Jumping on the Bandwagon...

Aug 23, 2010 22:50

Day One - Introduce yourself...




I guess a photo is a good place to start. This is the best recent photo that I have. It was taken a few months ago, in my Stornoway house, just after I had gone back to dark hair for the first time in almost 6 years.

My name is Caroline Grieve. I have a middle name, but I don't like it in combination with my first name, so I choose to keep it quiet. I was born on the 15th October 1986 into a working class Scottish family. I say working class cos that's where we're banded, but I can't really complain. My parents had to work really hard to make ends meet but we never wanted for anything.
I grew up in a village just outside of Dunfermline in Fife, and I had a happy childhood when I was really little. We were in the countryside in my village, and I can remember long summers spent climbing around in trees and running around in hay fields or on the rope swing in the woods. You know you grew up in my village if you were chased by the tramp in the woods at least once.
I went to Queen Anne High School, and I can't say I loved my school days, but I didn't hate them. I did hate the people who I had to see every day though. I was heavily bullied from P6 til about S3, and it rattled my self-esteem down to minus-numbers pretty quickly. However, I did have a small circle of good friends who saw me through. We hung out and had a laugh in class, we went to gigs, we met up on weekends. I was lucky to be so close to such good people.
I left high school with 8 standard grades (fives 1s, two 2s and a 3), an intermediate 2, 4 highers and an advanced higher.

It was in my final years of high school that I started to realise I wanted to be a teacher. I thought I wanted to teach primary school. In fact, I was desperate to be a primary teacher. I applied to every uni in Scotland offering primary teaching courses, but my maths ability wasn't good enough, so I didn't get in. That's always bugged me, because I got a 3 in maths at standard grade, and quite honestly I don't think you need much more than that to teach basic numbers to small children. But whatevs, I digress. I didn't get a place on a primary course, and I went into panic mode. I managed to get into an English Studies course at Stirling uni through the emergency 'UCAS Extra' scheme. It was the best thing that could have happened. Being dedicated to English, I realised that I loved it too much to dumb it down for small kids. Suddenly I knew I'd found what I really wanted to do - English teaching became my goal.
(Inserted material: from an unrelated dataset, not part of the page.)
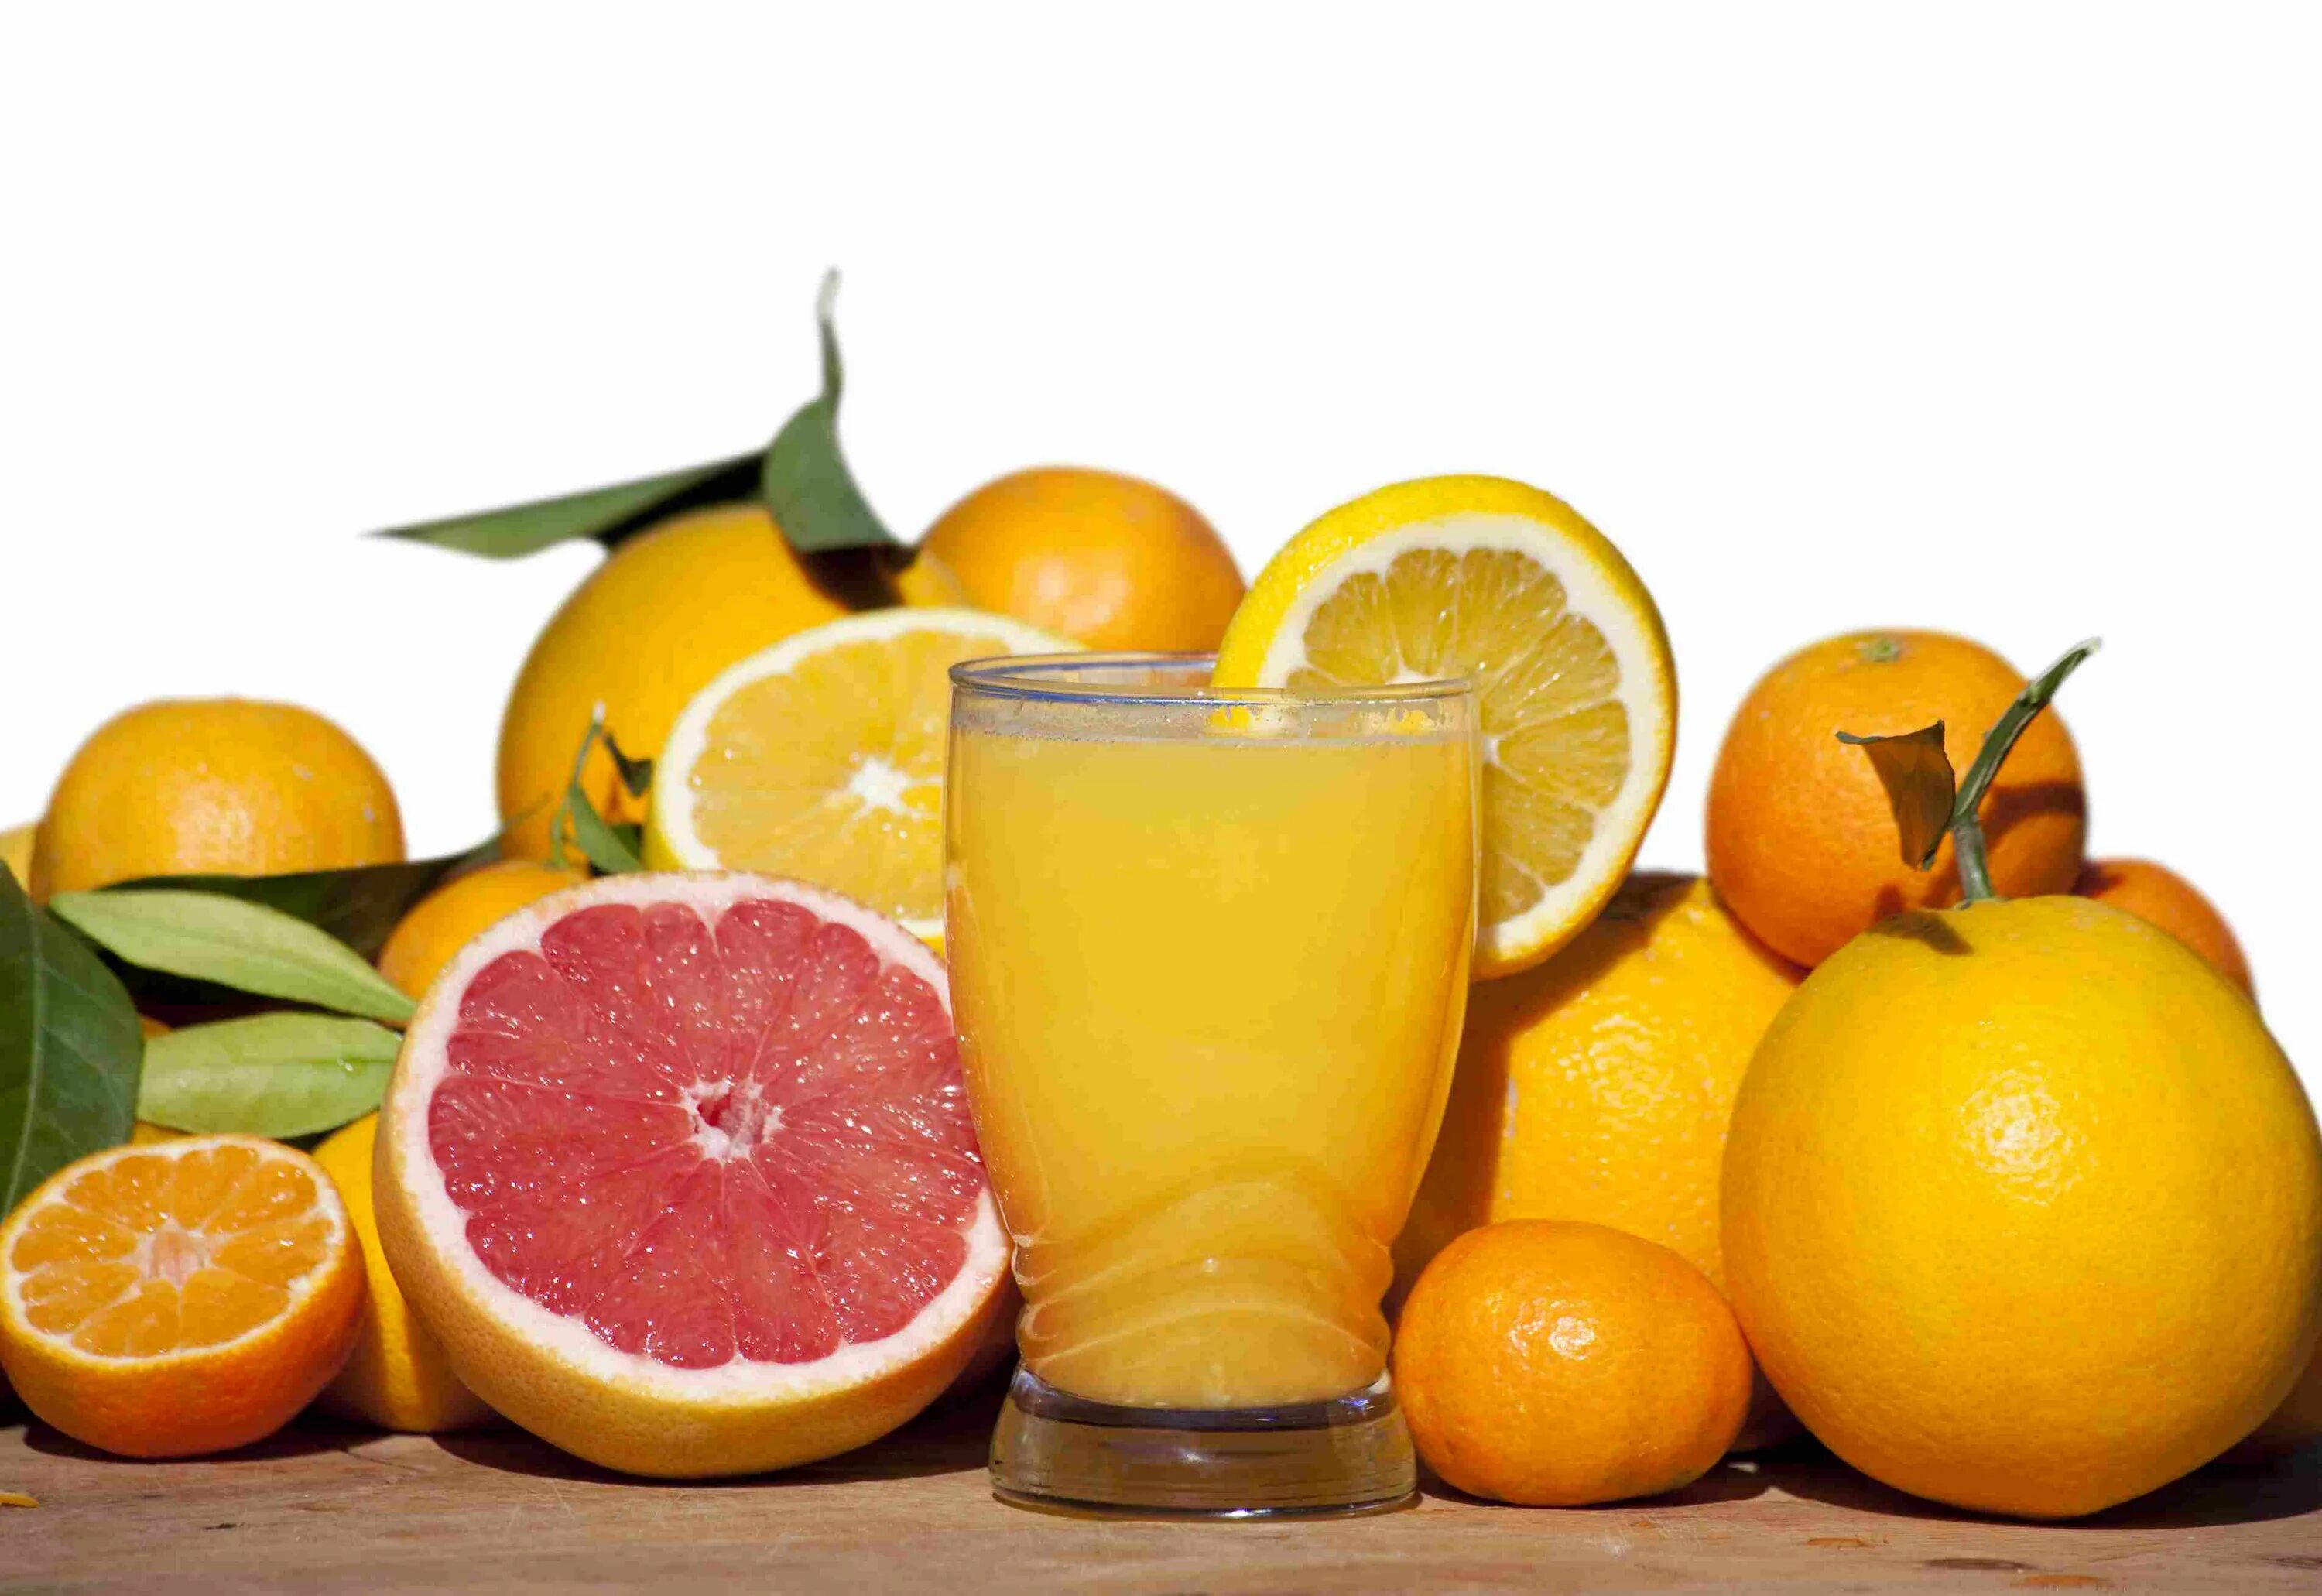 Vitamin j. Что такое витамины. Витамины в цитрусовых фруктах. Витамин c. Витамин ц апельсин.
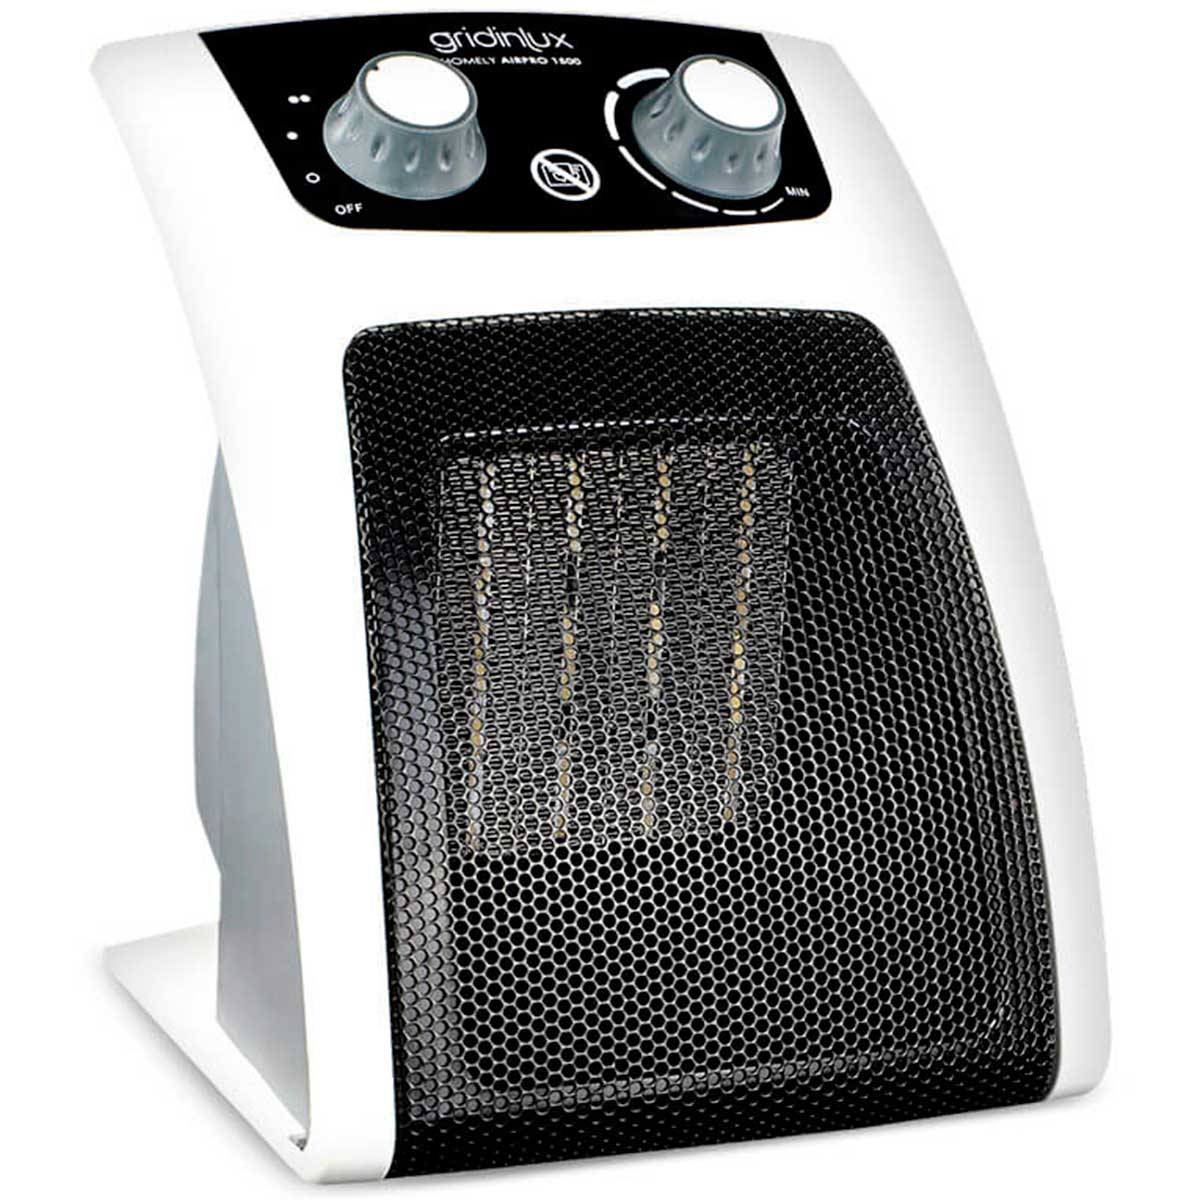 Radiateur céramique portatif For Living avec thermostat, 1500 W, noir

After uni in Stirling I took a year out from Education and then went to Glasgow to do my Post Graduate Diploma in Education. I wasn't outstanding at teaching in the early days. In fact, I was pretty bad it. I got by - nothing more. It's odd though, because as I left uni and went into my probation year something clicked. It all started to work. I could do it. I don't tend to brag, but I know now that I'm a good teacher and the early difficulty was just a wobble due to inexperience, and I'm proud of that. My achievement in reaching my goal is something I'm very aware of. It's kind of defined who I am now. I'm someone who reaches their goals. I'm a young professional. I'm a teacher. I say it to myself sometimes because I can't believe I made it.